1 Reinforced concrete of column 2 Reinforced concrete of column base 3 Reinforcement 4 Stud 5 Reinforced concrete part that produces _R Qa when there is no stud 6 Assumed fracture surface when reinforced concrete breaks due to action shear force Friction force _R Qa Shear strength borne by reinforced concrete part _S Qa Shear strength borne by steel frame part Ns Total axial force = N ₁ ± N ₂ Σ Q Shear force acting due to earthquake, etc.
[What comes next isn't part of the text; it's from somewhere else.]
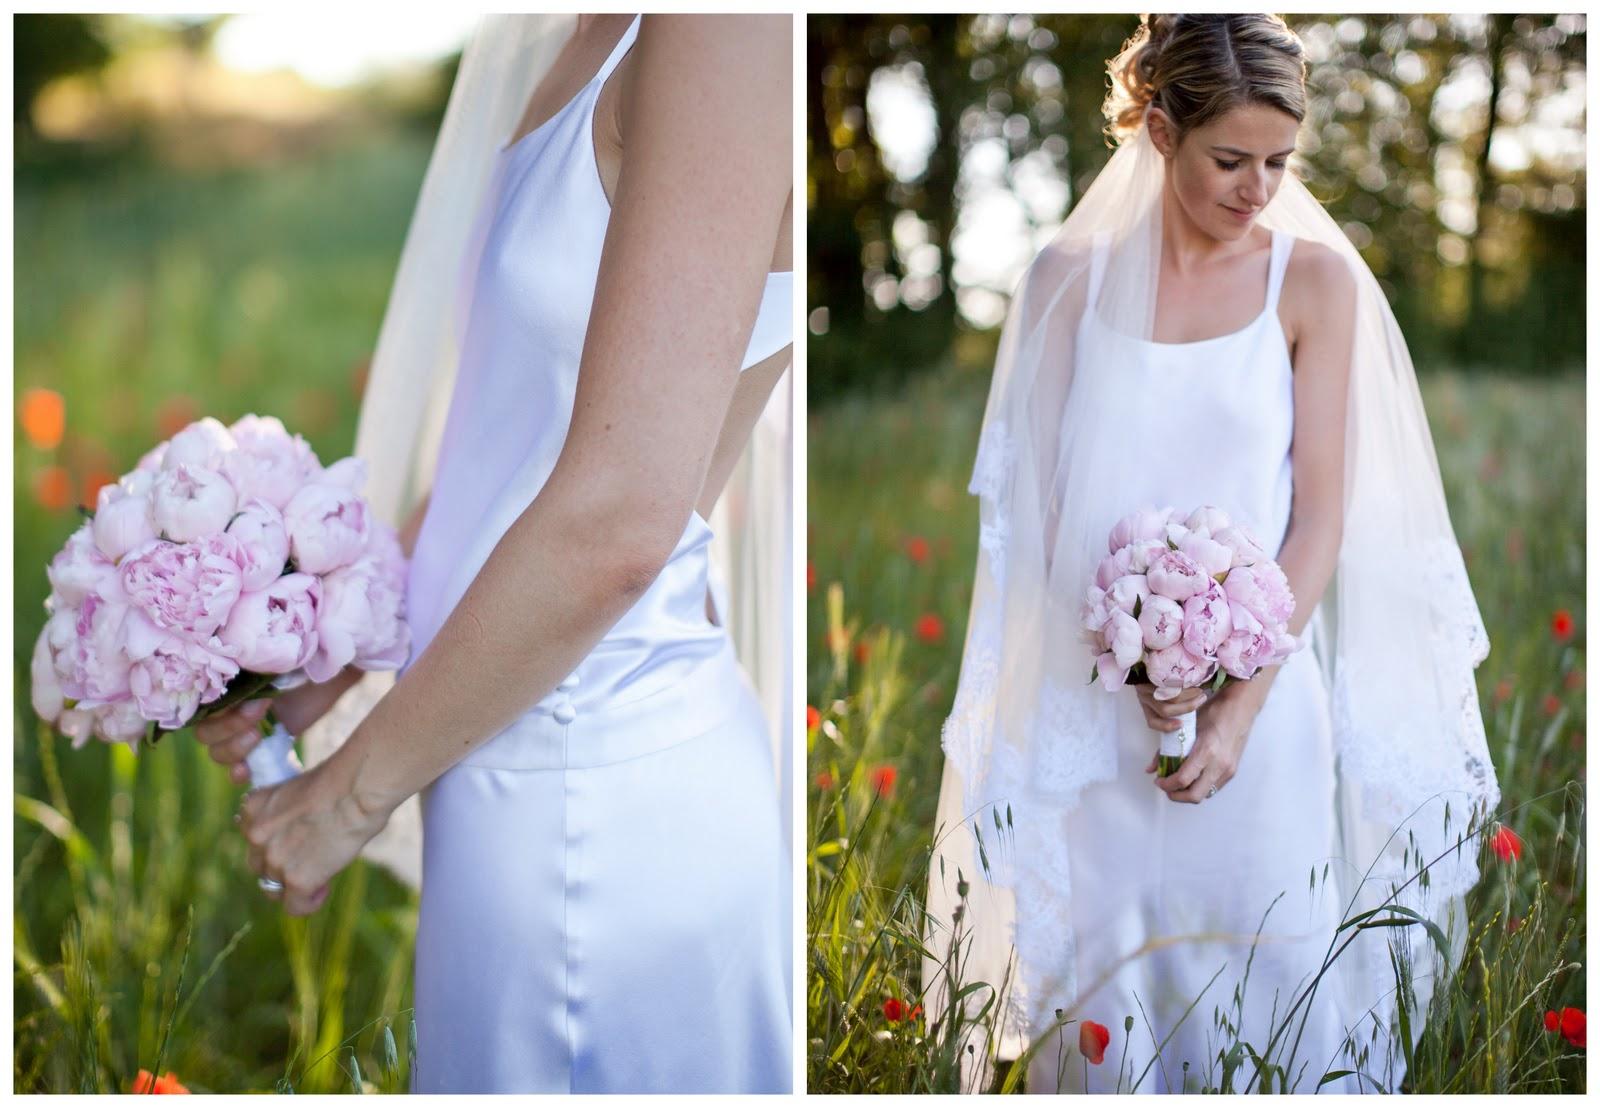 Hillbilly Wedding Dress 51 Fabulous Friday May

N ₁ Compressive axial force always acting + N ₂ Axial force (compression force) generated in the short term at the time of earthquake, etc. -N ₂ Axial force (pulling force) generated in the short term at the time of earthquake, etc. 19 columns 20 column bases 21 steel 22a main reinforcement 22b hoop reinforcement 23 nut 24 base plate 25 Anchor bolt 26 Anchor frame 27 Reinforced concrete of underground beam Over preparative 28 foundation pillars form of reinforced concrete 29 foundation footing part of the reinforced concrete 30 Steel portion 31 reinforced concrete portion 32 steel columns 33 foundation concrete 34 building elevation 35 inside the outer posts 36 Columns

 ──────────────────────────────────────────────────続 き Continuing on the front page (72) Inventor Norio Ito 1-9-1 Kitahama-ku, Wakamatsu-ku, Kitakyushu-shi Inside the Wakamatsu Plant of Hitachi Metals Co., Ltd. 7 Kashima Construction Co., Ltd. (72) Kuniaki Sato, Inventor 1-2-7 Moto-Akasaka, Minato-ku, Tokyo Kashima Construction Co., Ltd. (72) Yoshihiro Nakamura 1-2-7 Moto-Akasaka, Minato-ku, Tokyo, Japan Kashima Construction Co., Ltd.

Claims (4)

(57) [Claims] In a foundation structure having a foundation beam, the outer dimensions of reinforced concrete at a column base are adjusted by a column reinforced concrete.
Than the outer dimension of and reports open greatly formed, it is imposed on the steel parts
In addition to the shear strength,
In order to increase the shear strength,
A steel frame reinforced concrete column base buried in foundation concrete . 2. In a foundation structure having a foundation beam, the external dimensions of the reinforced concrete at the column base are adjusted by the reinforcement of the foundation column.
Formed larger than the external dimensions of concrete, steel
In addition to the shear strength borne by the reinforced concrete part
In order to increase the shear strength borne by the
Buried in the foundation concrete,
Place the reinforced concrete of the foundation column section further down
Embedded in reinforced concrete at the foundation footing part
A steel column base characterized by having 3. The steel-framed reinforced concrete column base according to claim 1, wherein the outer shape of the reinforced concrete portion of the column base is provided with a horizontal haunch. 4. A pedestal as claimed in any one of claims 1 to 3, characterized in that a plurality of studs to steel columns of the surface of the pedestal.